It was the end of April, and I'd still not heard from Ashe about his black-out mission. I'd even stopped dreaming about him. The bond was thin, but at least I knew he was still alive. It made me wonder if my soldier had purposefully shut me out.
At least I had distractions. I'd met with every teacher that knew Celine, but all I heard was more of the same. She was smart, but troubled. I could feel them holding back and pushed on the minds of a few of the wyvern teachers. They’d hesitantly confirm Celine’s substance abuse. Is that the nice way of saying drunk or druggy?
Who knows? But just when I thought I'd gotten away with my subtle manipulations, Headmistress Angeven called me into her office. She lectured me for almost an hour on the dos and don'ts of Primes. Maybe I'd been too cocky or too desperate. I didn't like the idea of forcing my will on other people, but enough was enough. I was sick of everyone trying to sugarcoat the past or straight-up lie to me.
At least I had Olivia, Nate, and Logan to liven up the dull days at Balaur. We ate together every meal, every day, and spent most of our waking hours goofing off, chatting, or doing homework.
Laying in bed, trying to remember if I had anything due on Monday, my phone chirped. Pulling the thing off my nightstand, I took one glance at the text and bolted upright. "Shit!"
Liv: Isn't your grandmother coming today?
Yes, my grandmother, Elise, would be here any minute! She was a bit fierce and not a little scary. But the thought of seeing her brought out all kinds of emotions. Especially now, since I knew more about Celine.
Aaraeth blew out a weary breath. Please, stop this infernal rambling. You are making me dizzy going round and round. Just open the letter.
Taya had given me a new letter from George over a week ago, but I hadn't opened it. It felt really thin, and I worried that it might confirm my worst fears; maybe George meant what he'd said in New York.
I chewed the corner of my bottom lip in thought. Aaraeth was right. If I couldn't trust the one person I had trusted first, then who could I trust?
You trust Ashe, my beast reminded me.
I know, but he isn't here, I replied tartly.
Aaraeth snorted again, and I could feel her roll her eyes, a habit I knew she picked up from me.

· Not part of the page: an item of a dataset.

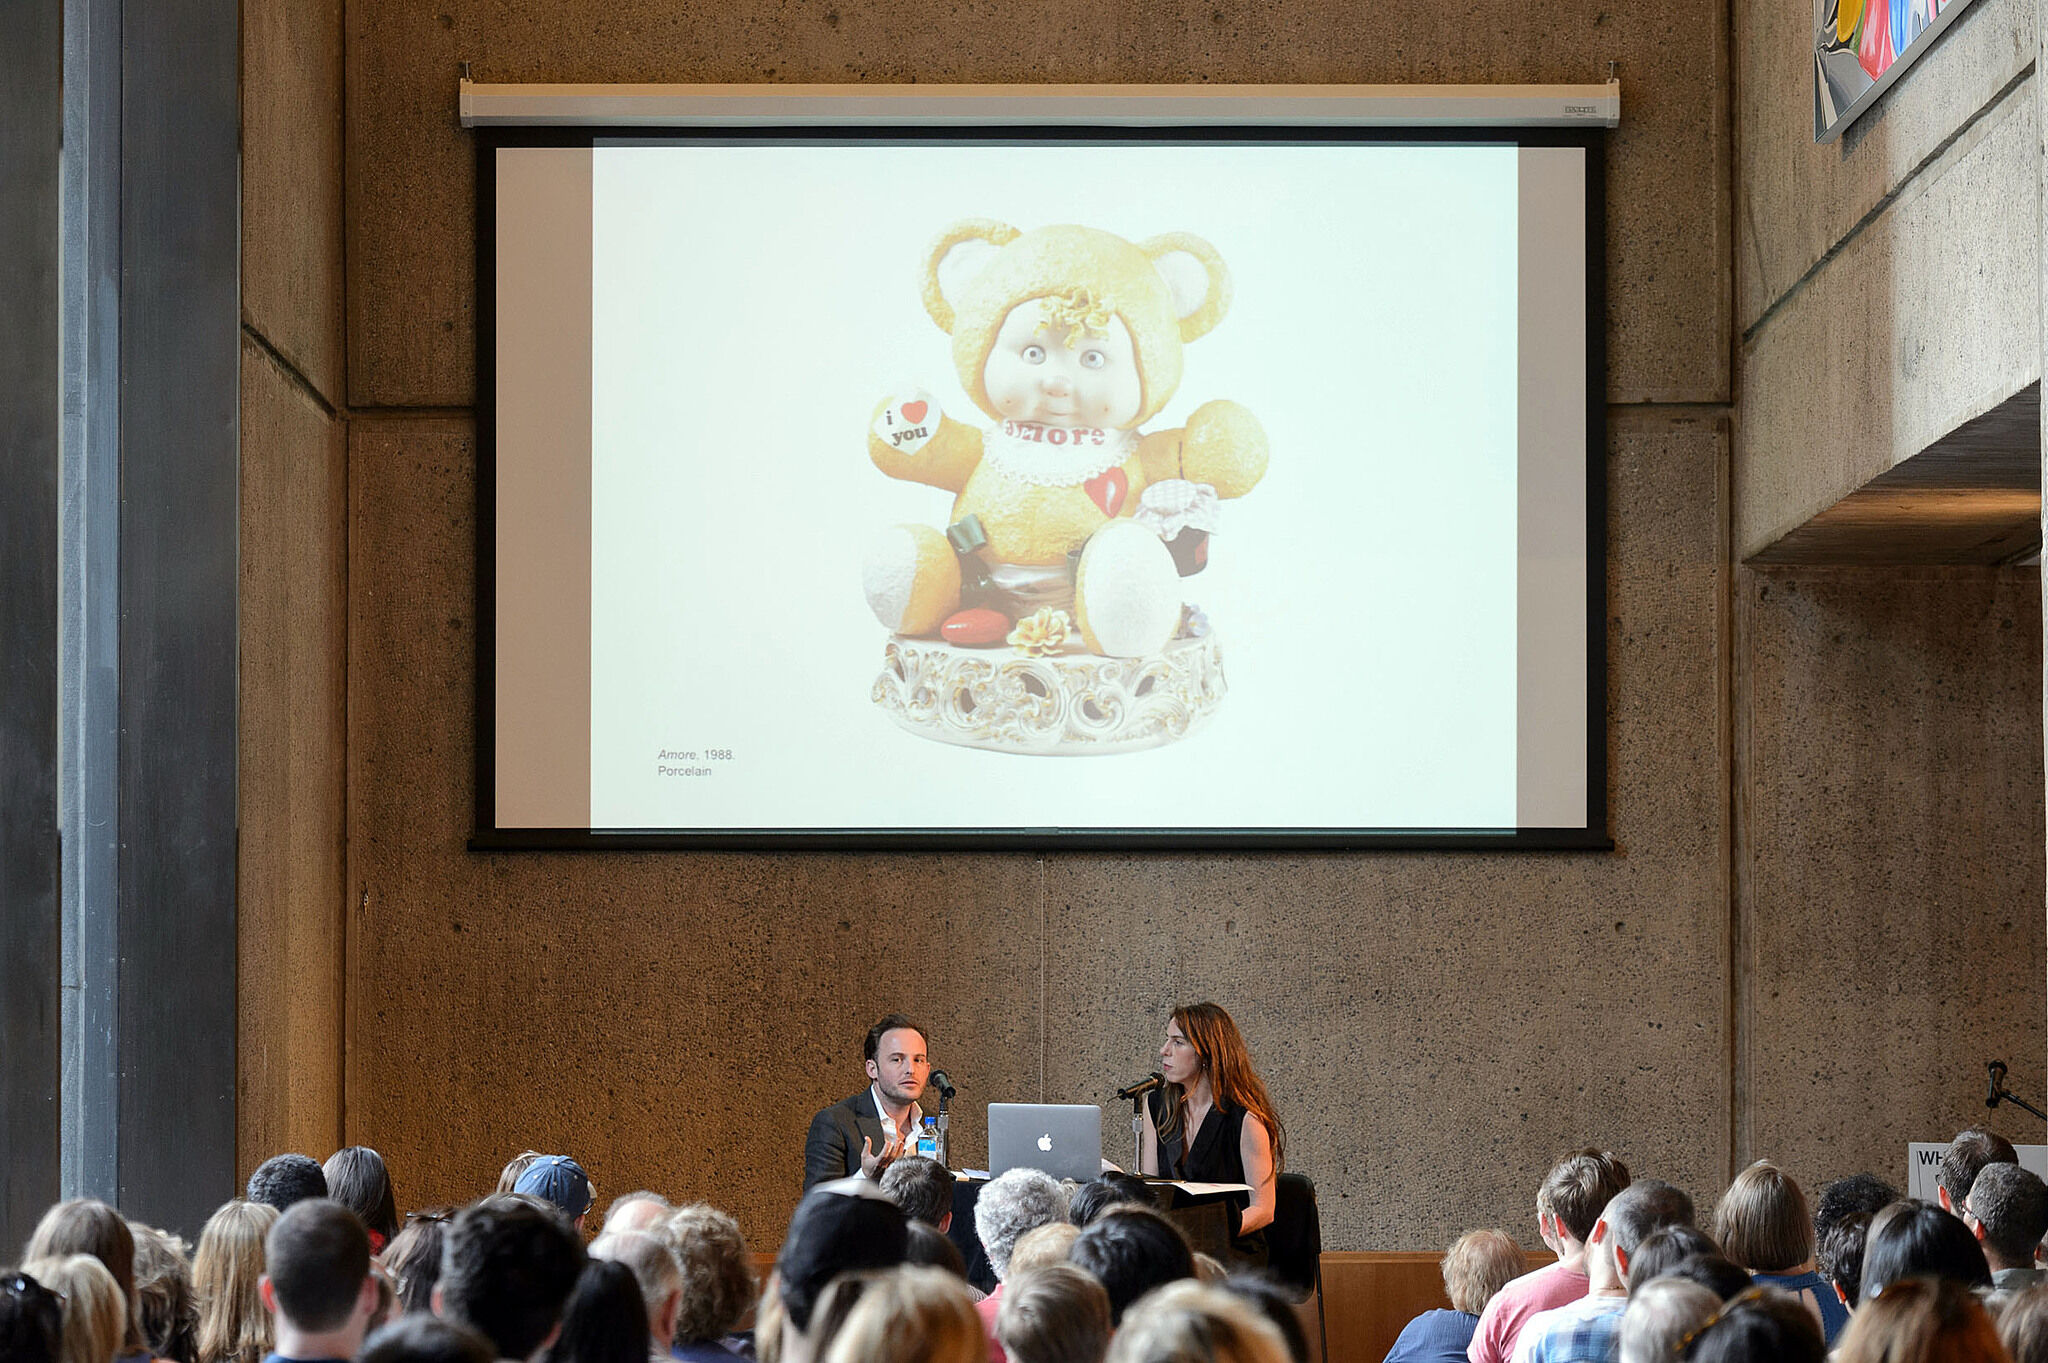 A public talk about artist Jeff Koons

Sliding out of bed, I threw on leggings and an oversized sweatshirt before pulling a brush through my hair and smoothing it into a ponytail.
Searching through my drawer, I couldn't find matching socks, so I settled on one aqua and one purple. Just as I had pulled the blue sock on, I heard a soft knock at my door.

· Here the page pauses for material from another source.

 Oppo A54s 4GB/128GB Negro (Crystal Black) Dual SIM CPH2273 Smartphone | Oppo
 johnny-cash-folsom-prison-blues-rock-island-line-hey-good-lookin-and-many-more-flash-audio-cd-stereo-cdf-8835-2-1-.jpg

It must be my grandmother.
"Come in!" I yelled, tugging on the other no-show sock.
Although instead of Elise, it was Logan. His mouth curved into a serene smile. "I'm going to the library, do you want to come?"

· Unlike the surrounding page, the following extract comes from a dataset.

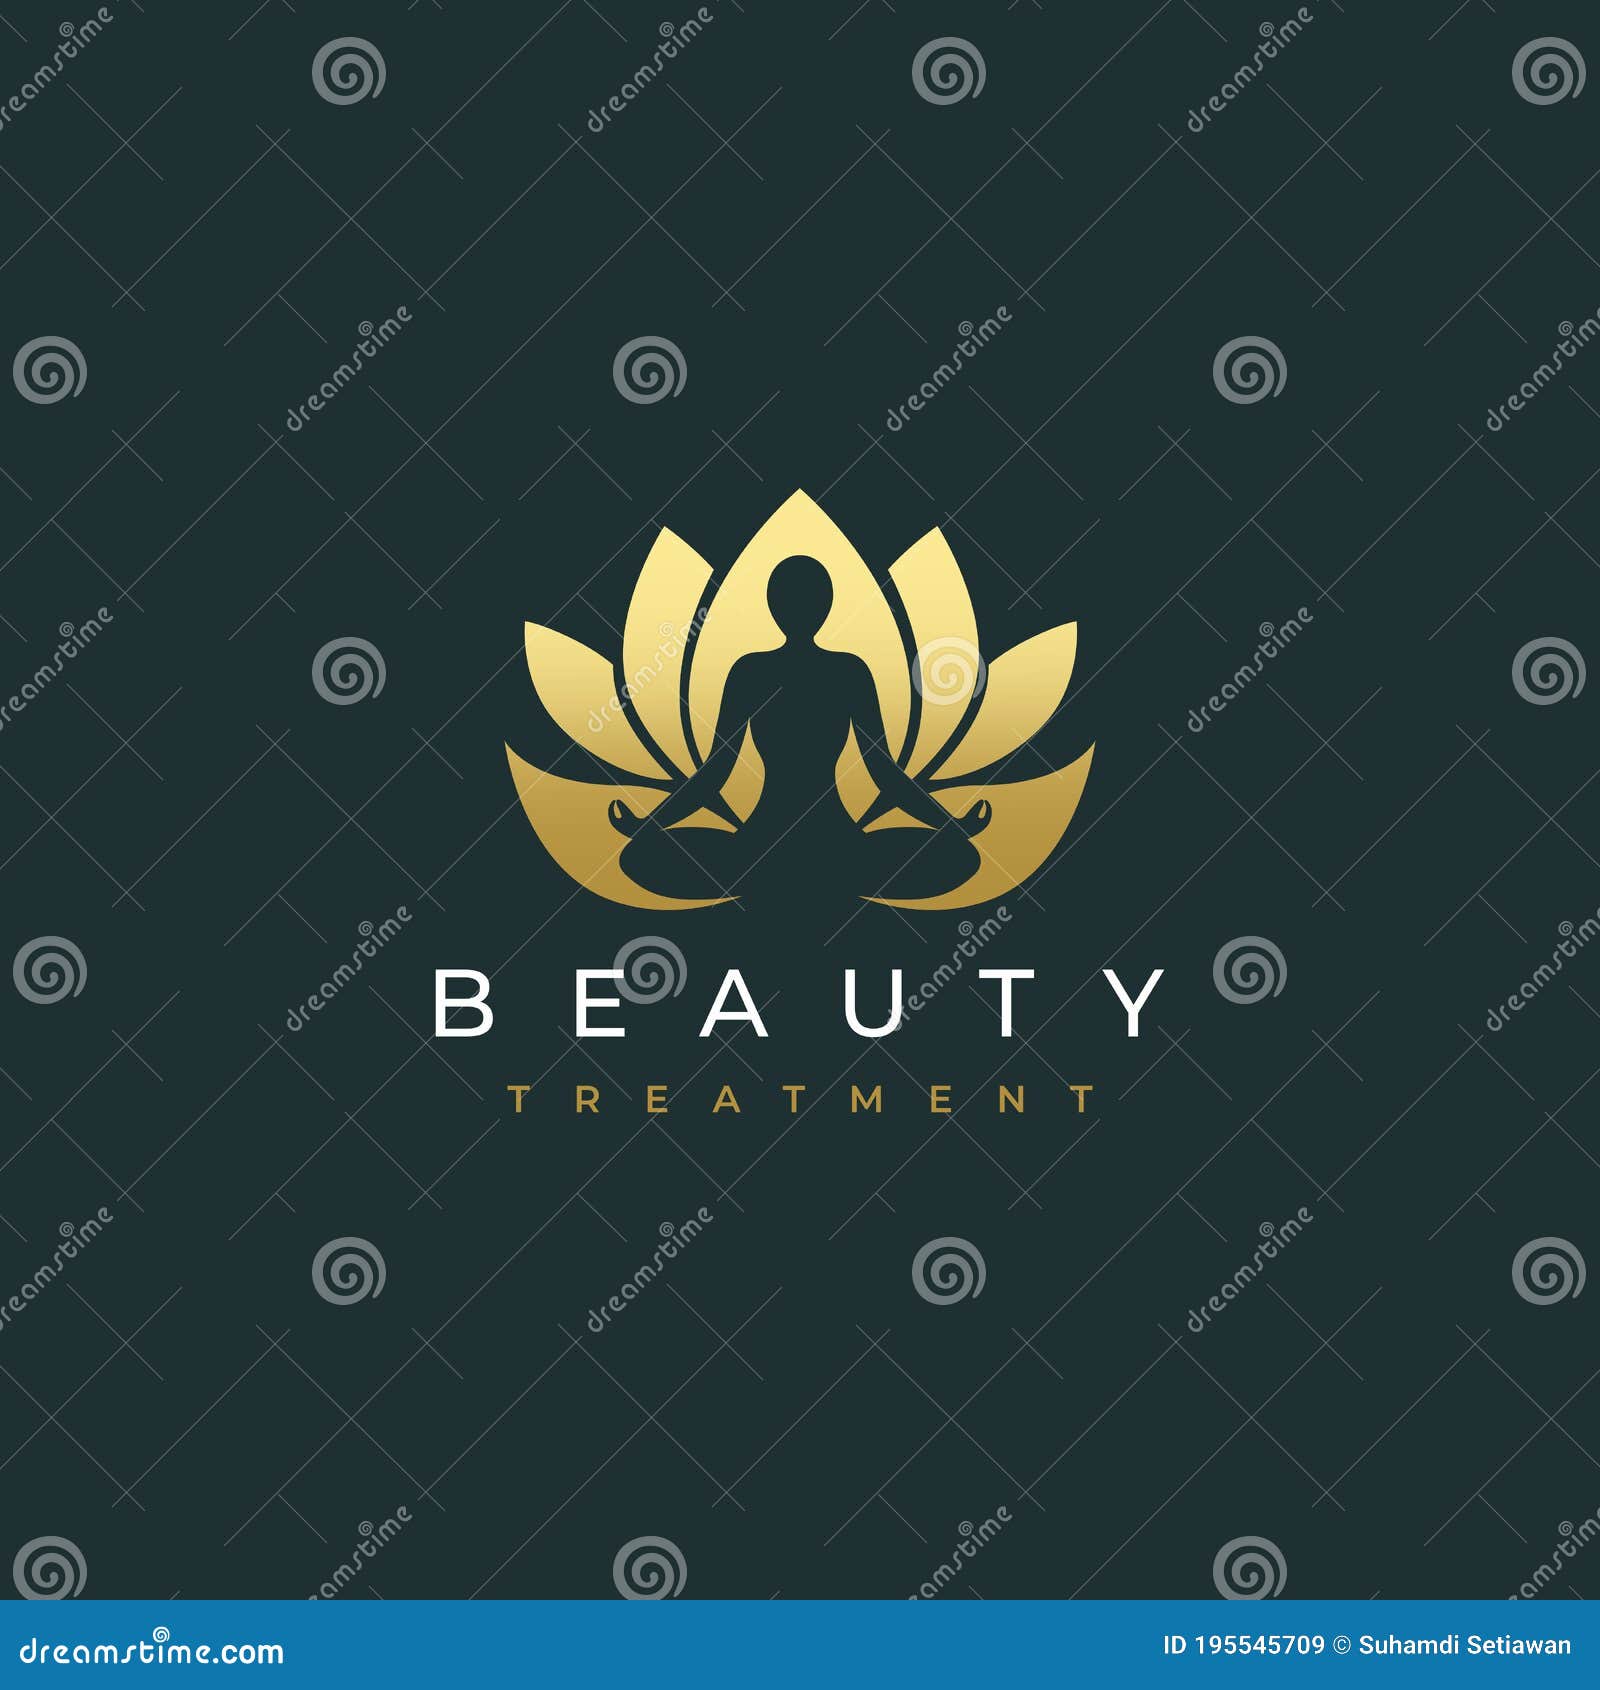 Photography Attractive Logo Design Template - MasterBundles

I frowned. "Oh…I can't. I'm…"
Logan leaned into the door, his hands gripping the top of the frame. Then gazing down the hallway, he froze. Suddenly, the Drake Prime straightened and pulled his hands to his sides.
I heard her voice before I saw her. "Hello, Mr. Brooks, so nice to see you again. I'm glad to see you following the rules…"
She was referencing the 'no opposite sex allowed in bedrooms' rule.
You need to pay attention! You should have felt Logan and your grandmother ahead of time, Aaraeth told me.
I know, I answered her, irritated that she was right, but still wanting to fight her. I waited on my bed as Logan and Elise exchanged pleasantries. I needed to remember all the questions I wanted to ask her.
What else did I need? I asked rhetorically.
Make a better relationship, my dragon reminded me. Elise is hurt but hides her pain. You can bring happiness to her… if you want to.
Aaraeth was right. Celine's past painted a somber picture. After everything Celine went through and put her mother through, I should be thankful that Elise even wanted to spend time with me at all.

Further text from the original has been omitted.